Foreign Earned Income is income for services performed in a foreign country. It matters where the services are performed, not when or where the income is received. You may have foreign income while working for a U.S. based employer if you are performing services for that employer outside the United Sates. In this definition, outside the United States means in a foreign country, foreign airspace or foreign territorial water. It does not include U.S territories, possessions, international waters, international airspace, or Antarctica. Importantly, pension or annuity income is not earned income.

Tax Home. A taxpayer can only have one Tax Home at a time. The Tax Home is the taxpayer’s regular or principal place of business. However, if the taxpayer’s own abode is in the U.S., the taxpayer’s Tax Home will most likely also be in the U.S. Being temporarily in the U.S., or if your family is living full-time in the U.S., does not cause your Tax Home to be in the U.S.. A Tax Home is determined in part by understanding the taxpayer’s center of economic interests. Nomadic persons have their Tax Home where they happen to be.

The Bona Fide Residence Test (BFRT). For U.S. citizens to satisfy the requirements of the BFRT, you must be resident of a foreign country (or countries) for the entire tax year (January 1 – December 31 for calendar year taxpayers).

For U.S. resident aliens, you must be a citizen of a treaty country, and you must be resident abroad for an entire tax year.

Importantly, if you are in a foreign country on a temporary (less than one year) visa, even if it is regularly extended, you do not have the right to reside in that country and therefore cannot claim to be resident in that country for this purpose.

To be a bona fide resident, you must have an intention to make your home in a foreign country and not be there merely ‘on assignment’ or seconded temporarily. In these cases, you will not meet the BFRT if your intention is to return to the U.S. when the assignment is completed.

Your own actions must not, on balance, contradict the claim of residency. For example, you cannot continue to claim residency in a U.S. state.

The Physical Presence Test (PPT) requires the taxpayer to be physically in a foreign country (or countries) for 330 days out of any consecutive 12-month period of at least 365 days.

A day is a full 24-hour period beginning at midnight. This is important because someone leaving the U.S. can’t start counting days until they have been in a foreign county for a full day.
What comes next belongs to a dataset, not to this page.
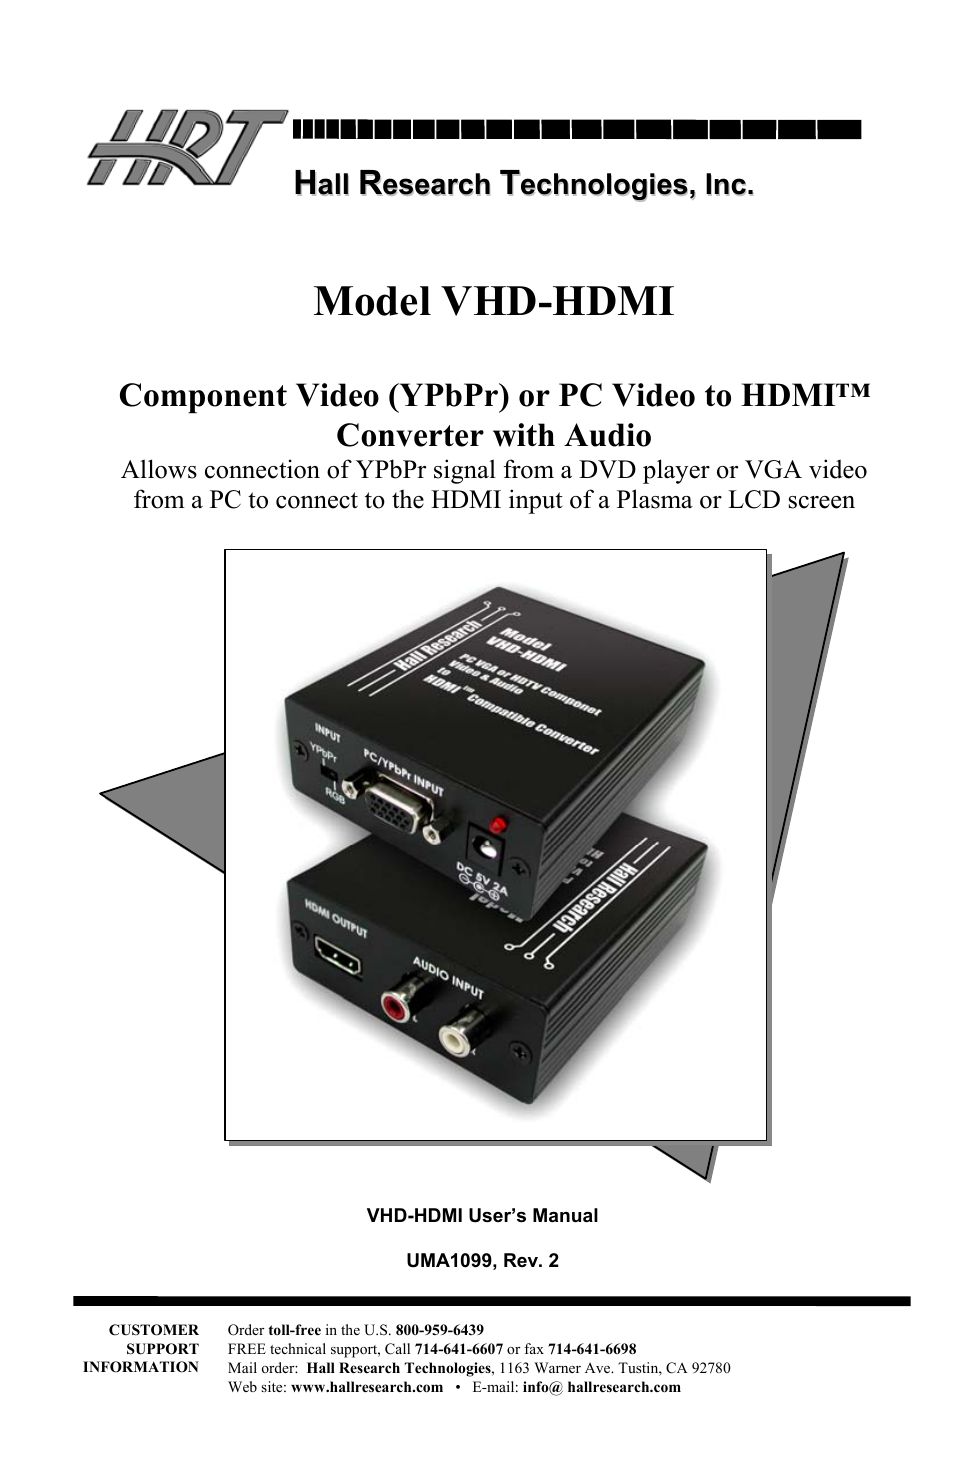 VHD-HDMI

For example, entering Canada at 1am is the same as entering Canada at 11pm. The day following the day of entry will be the first day counted.

No partial use. Importantly, you cannot choose to use only part of the exclusion. If you are utilizing the exclusion you must exclude your foreign earned income up to the FEIE amount. If your foreign earned income is less than the exclusion amount, all of the income must be excluded if you choose to use the exclusion. Similarly, you cannot create subcategories of foreign earned income and exclude some but not exclude others. For example, you cannot exclude income from one country and not exclude income from a different country or exclude income from one employer and not exclude income from self-employment or a different employer.

Requirement to file a return. You can only exclude your foreign earned income from your gross income by filing a tax return. Even if you know that you will have no income left after you take the exclusion, you must report all of your income on your tax return and attach the Form 2555 to calculate and take the exclusion.

In conclusion, if your Tax Home is outside the U.S. and you meet either the Bona Fide Residence Test or the Physical Presence Test, you can exclude from your gross income up to the FEIE amount (for 2019 this amount is $105,900). This will reduce your taxable income by the excluded amount.